Configuration management is too focused on innovation at the server level rather than thinking about the entire system. Devops has become a silo.

A Better Way

There are some tools and patterns emerging to tackle these problems.

  • Immutable infrastructure – remove the drift
  • Docker/Decker – testable, simple, small, disposable containers
  • Nix – declarative, deterministic package management
  • OSV – stupid(brilliant) operating system to enable innovation
  • BOSH – stupid(brilliant) tool to deploy complex distributed systems
  • Mesos – schedule commands(jobs) to run in a distributed environment

‘Infrastructure as Code’ to ‘Infrastructure as Good Code’

We need SOLID for infrastructure. We need to develop standardised, commoditised, loosely coupled, single-responsibility components from which we can build higher-order systems and services. Only then will we be enabling innovation higher up the value chain.

Devops should be about enabling the business to deliver effectively. We’ve got stuck up our own arses configuration management.

When to Pass on a PaaS

There’s no point pretending I don’t love ‘The PaaS’. I do. I have spent too much of my career fighting battles I shouldn’t be fighting; re-inventing similar-looking systems time and time again. The idea I could just drop an application into a flexible platform and expect it to run, without consuming my entire life for the preceeding three months writing Chef cookbooks and wrestling EC2, sounds fantastic.

Cloud Foundry

Having played with Heroku, and being dismayed at not being able to play with my own Heroku, I was overjoyed when VMWare released Cloud Foundry. I created a Vagrant box on the Cloud Foundry release day and began distributing it to clients.
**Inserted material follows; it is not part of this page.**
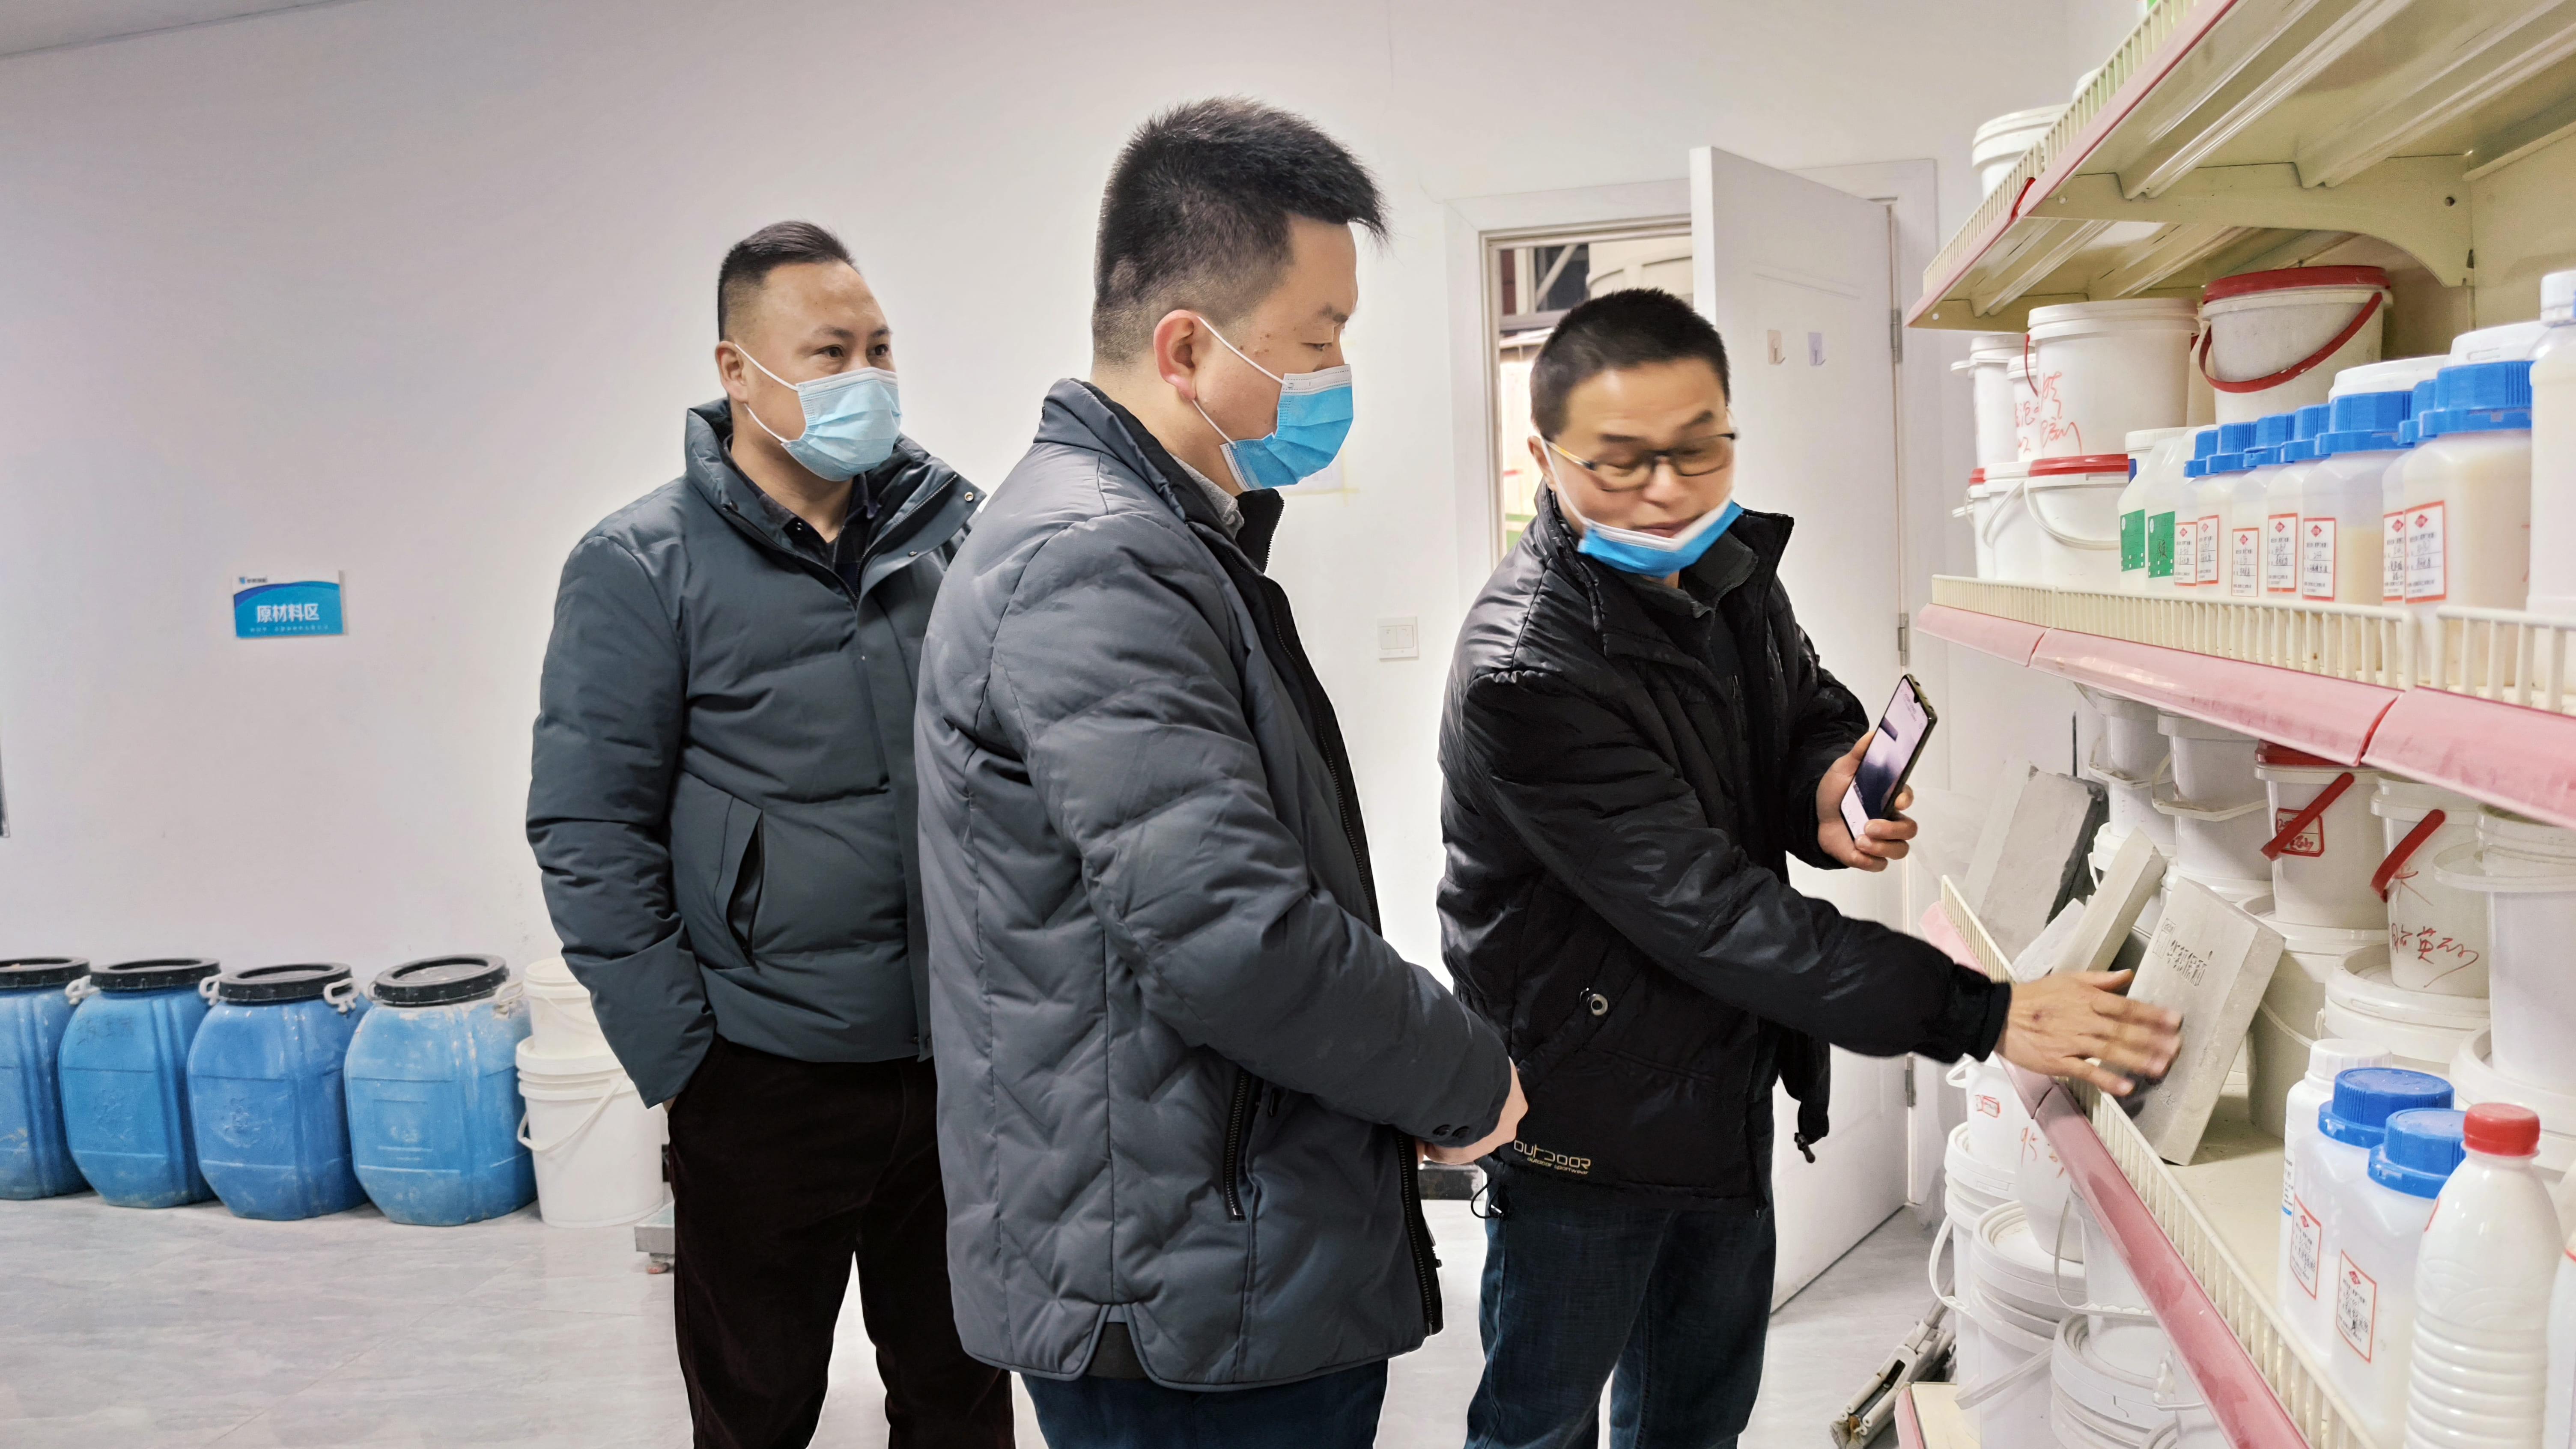 成都青白江经济开发区管理委员会领导一行到四川华一众创生产基地参观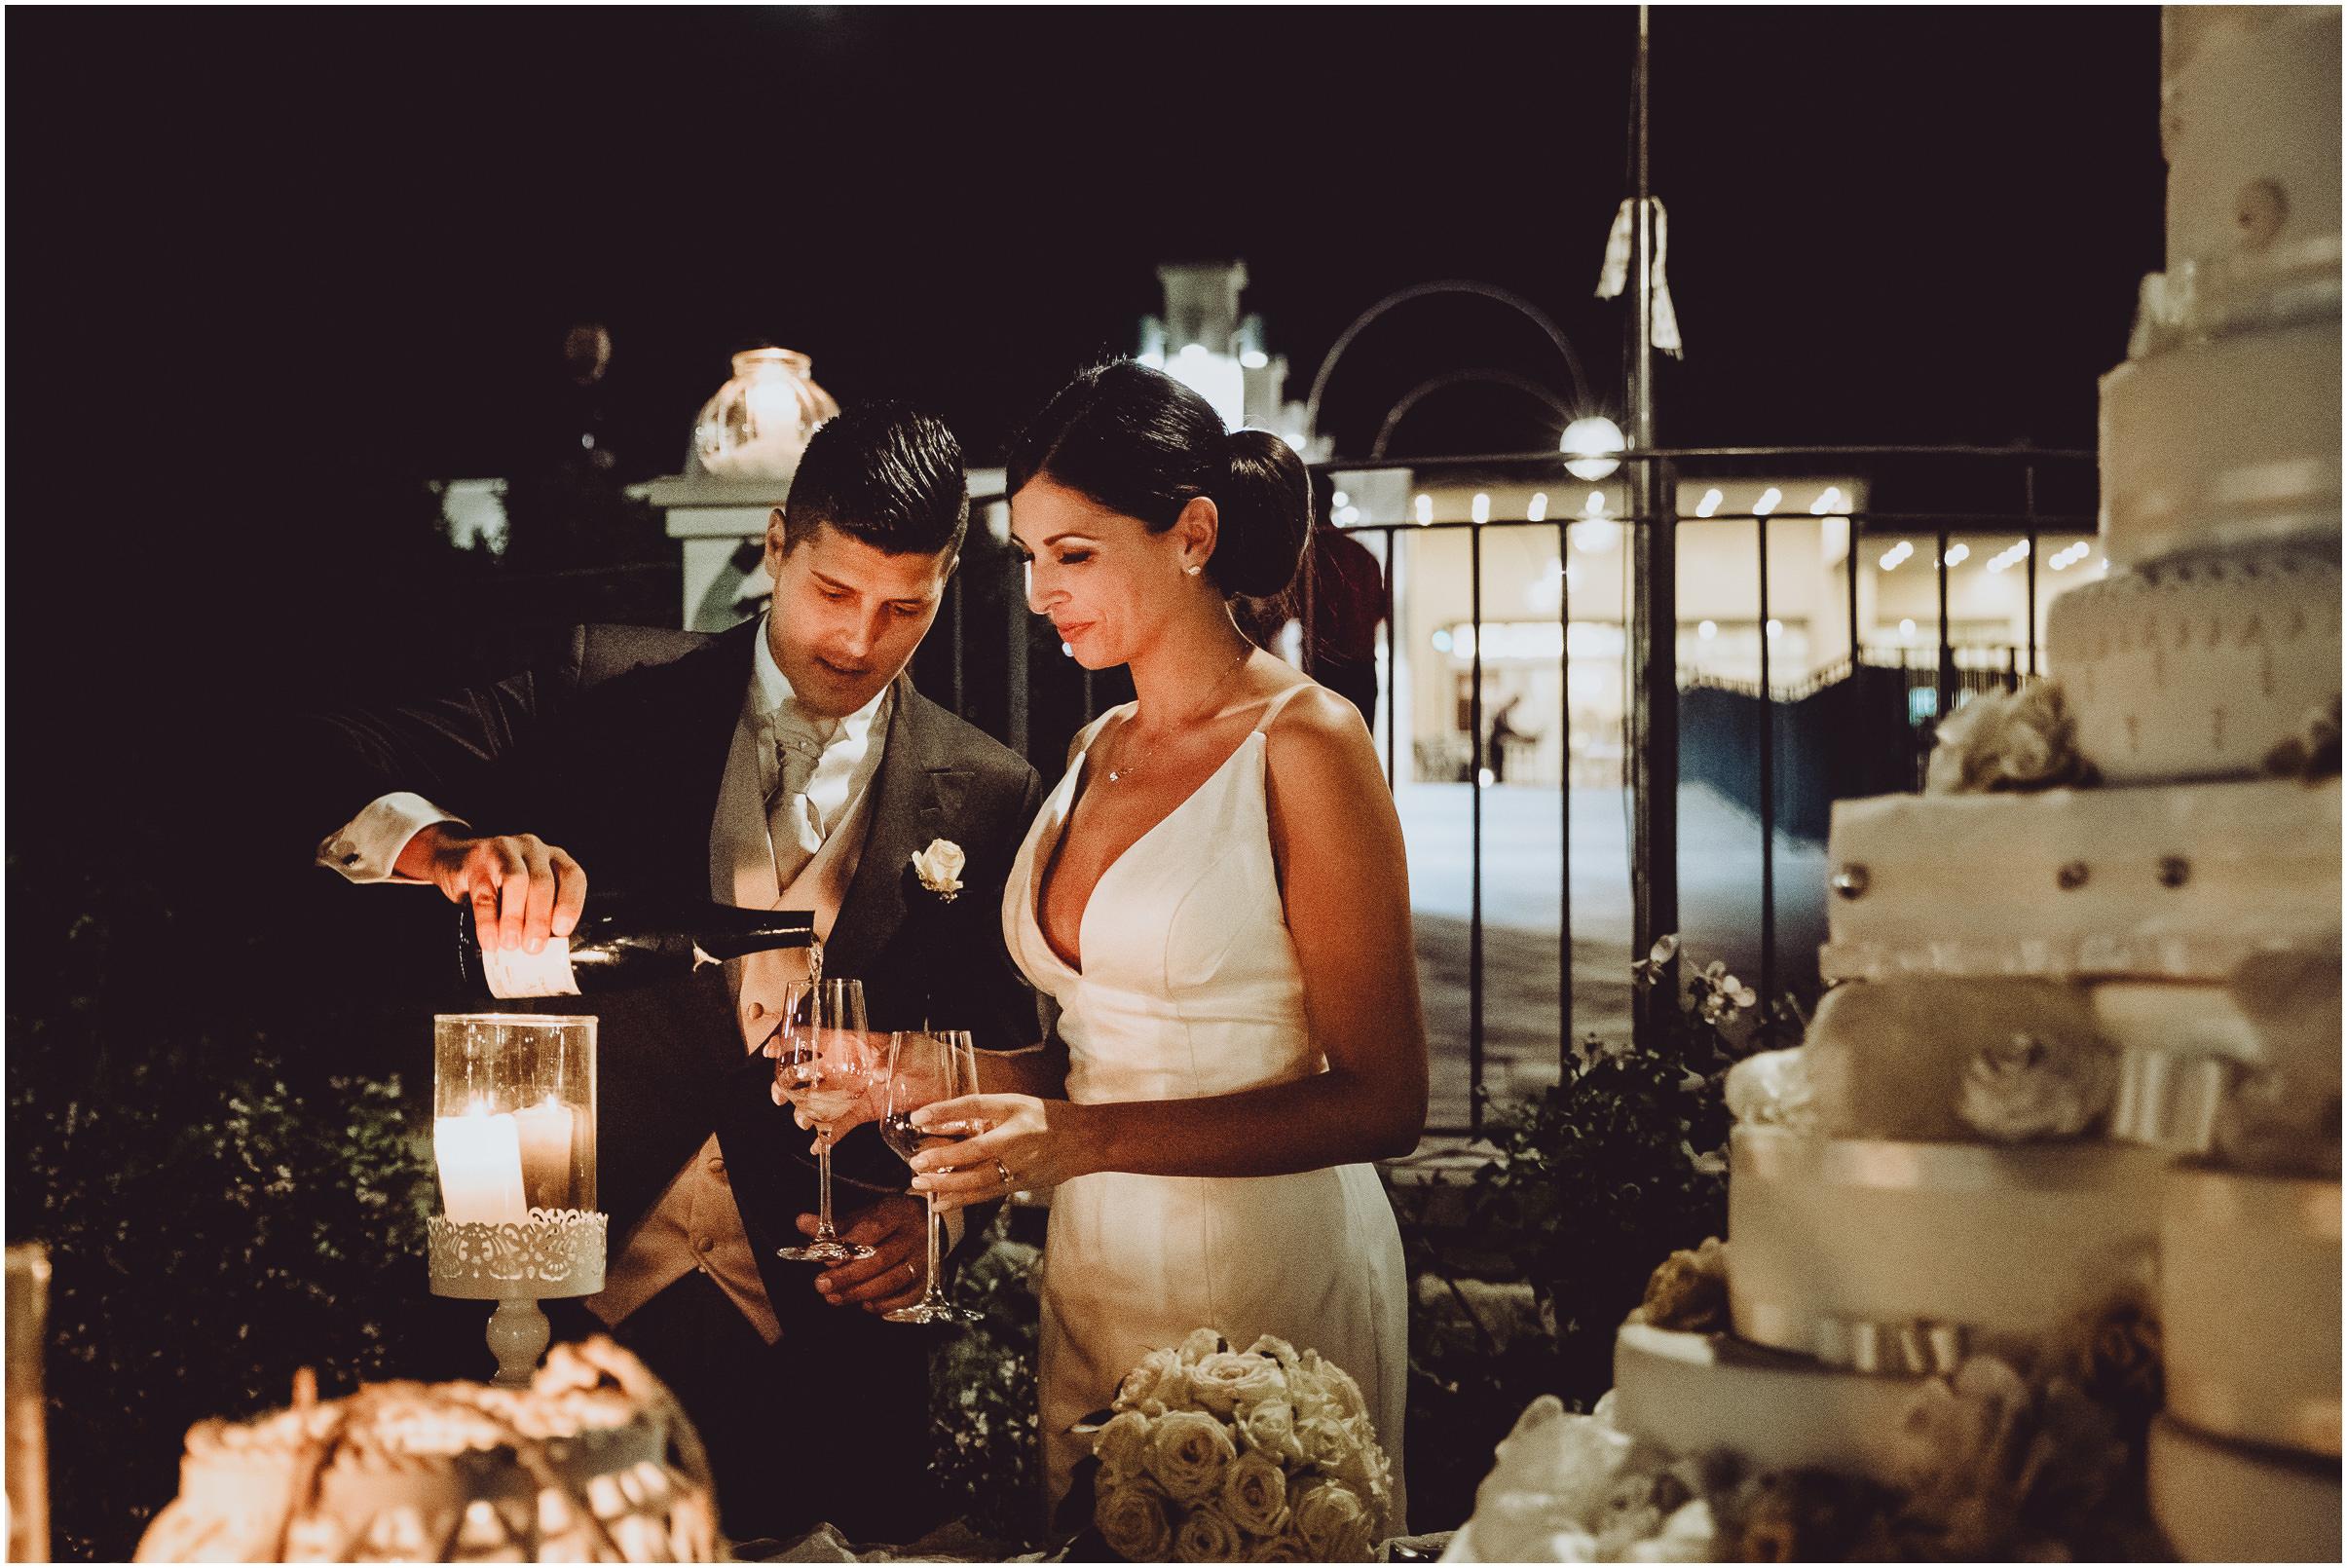 WEDDING-PHOTOGRAPHY-SARA-LORENZONI-FOTOGRAFIA-MATRIMONIO-AREZZO-TUSCANY-EVENTO-LE-SPOSE-DI-GIANNI-ELISA-LUCA065

I worked with one of my clients at the time, OpenCredo, to develop and deploy one of their new services to a Cloud Foundry installation I created. I believe this was the first SLA-led production deployment of Cloud Foundry globally.

I spoke about the rationale behind running/developing your own PaaS at QCon London 2012. I also discussed some of the use cases I’d fulfilled using PaaS, including OpenCredo’s.

QCon 2012 – Lessons Learned Deploying PaaS

OpenShift

I was similarly happy when I heard RedHat had bought Makara, a product I’d briefly experimented with, and were looking at producing their own PaaS. I’ve used RedHat-based systems for many years with great success, have always found YUM/RPM great to use, and was apparently the 7th person in the UK to achieve RedHat Architect status. A RedHat-delivered PaaS would surely be the panacea for all my problems.

I was scoping a large project at this time with availability as a prime concern. It occurred to me that I could use two turnkey PaaSes simultaneously, Cloud Foundry and OpenShift, such that if there was an issue with either I could simply direct all traffic to the other PaaS. I discussed the deployment and progress at DevopsDays.

DevopsDays Rome 2012 – How I Learned to Stop Worrying and Love the PaaS – I start about 32 minutes in.

From Dream to Reality

Unfortunately, the project didn’t quite work out as planned. We had a number of issues with OpenShift which meant we had no choice but to withdraw it from production usage. Scalability was an enormous problem; bringing an application to production scale was a sub-twenty second operation in Cloud Foundry; it took fourty-eight hours plus in OpenShift. We had to write our own deployment and orchestration layer for OpenShift based on Chef and shell – Cloud Foundry has the fantastic BOSH tool enabling deployment, scaling, and upgrades. These reasons, alongside some nasty bugs and outages, meant we were unable to use OpenShift for our deployment.

Beyond this I feel OpenShift, like many ‘PaaSish’ systems, has got the focus wrong. There seems to be a plethora of container-orchestration systems being produced at the moment, which are really just a slight re-focus on the IaaS abstraction layer. OpenShift is in danger of falling into this trap. PaaS needs to remain focussed on the application as the unit of currency, and not the container or virtual machine. It looks entirely possible (and would make an interesting project) to run Cloud Foundry inside OpenShift, illustrating the conceptual difference.

We settled on using distributed Cloud Foundry instances across diverse IaaS providers to deliver the project; it was a great success. I blogged about it for Cloud Foundry’s blog.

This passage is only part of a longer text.